[Saved data entries]
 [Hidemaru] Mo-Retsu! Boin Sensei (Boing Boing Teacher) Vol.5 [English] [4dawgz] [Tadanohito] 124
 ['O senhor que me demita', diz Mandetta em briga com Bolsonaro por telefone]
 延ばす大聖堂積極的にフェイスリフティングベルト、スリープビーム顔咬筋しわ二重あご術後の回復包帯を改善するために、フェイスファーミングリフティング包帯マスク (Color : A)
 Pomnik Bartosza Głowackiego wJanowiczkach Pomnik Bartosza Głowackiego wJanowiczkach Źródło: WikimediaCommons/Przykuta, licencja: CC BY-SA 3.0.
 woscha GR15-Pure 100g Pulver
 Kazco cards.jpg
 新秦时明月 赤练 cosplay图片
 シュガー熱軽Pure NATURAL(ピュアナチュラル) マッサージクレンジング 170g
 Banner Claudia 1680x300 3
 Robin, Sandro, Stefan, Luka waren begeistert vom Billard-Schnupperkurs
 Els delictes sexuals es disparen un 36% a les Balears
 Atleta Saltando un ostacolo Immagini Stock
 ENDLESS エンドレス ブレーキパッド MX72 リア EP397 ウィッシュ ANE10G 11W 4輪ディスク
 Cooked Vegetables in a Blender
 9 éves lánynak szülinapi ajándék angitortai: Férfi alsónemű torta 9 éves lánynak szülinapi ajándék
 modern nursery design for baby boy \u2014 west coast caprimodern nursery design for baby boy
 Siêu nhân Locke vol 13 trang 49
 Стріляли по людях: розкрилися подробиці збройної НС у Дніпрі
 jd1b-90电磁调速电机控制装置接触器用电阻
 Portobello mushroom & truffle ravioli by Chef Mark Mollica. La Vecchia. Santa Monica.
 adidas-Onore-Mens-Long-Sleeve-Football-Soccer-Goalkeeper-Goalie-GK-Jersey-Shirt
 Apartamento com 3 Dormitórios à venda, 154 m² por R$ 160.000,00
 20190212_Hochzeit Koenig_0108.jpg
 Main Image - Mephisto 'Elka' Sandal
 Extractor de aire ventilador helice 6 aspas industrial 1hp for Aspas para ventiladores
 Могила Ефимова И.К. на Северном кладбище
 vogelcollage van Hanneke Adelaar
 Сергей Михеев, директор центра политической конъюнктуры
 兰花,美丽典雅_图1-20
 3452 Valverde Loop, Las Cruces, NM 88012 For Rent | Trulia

### EXERCISE INSTRUCTIONS
Repeat, word for word, every line from the line that contains "Main Image - Mephisto 'Elka' Sandal" to the end of the entries; include both of those lines and no others.

### RESPONSE TO THE EXERCISE
 Main Image - Mephisto 'Elka' Sandal
 Extractor de aire ventilador helice 6 aspas industrial 1hp for Aspas para ventiladores
 Могила Ефимова И.К. на Северном кладбище
 vogelcollage van Hanneke Adelaar
 Сергей Михеев, директор центра политической конъюнктуры
 兰花,美丽典雅_图1-20
 3452 Valverde Loop, Las Cruces, NM 88012 For Rent | Trulia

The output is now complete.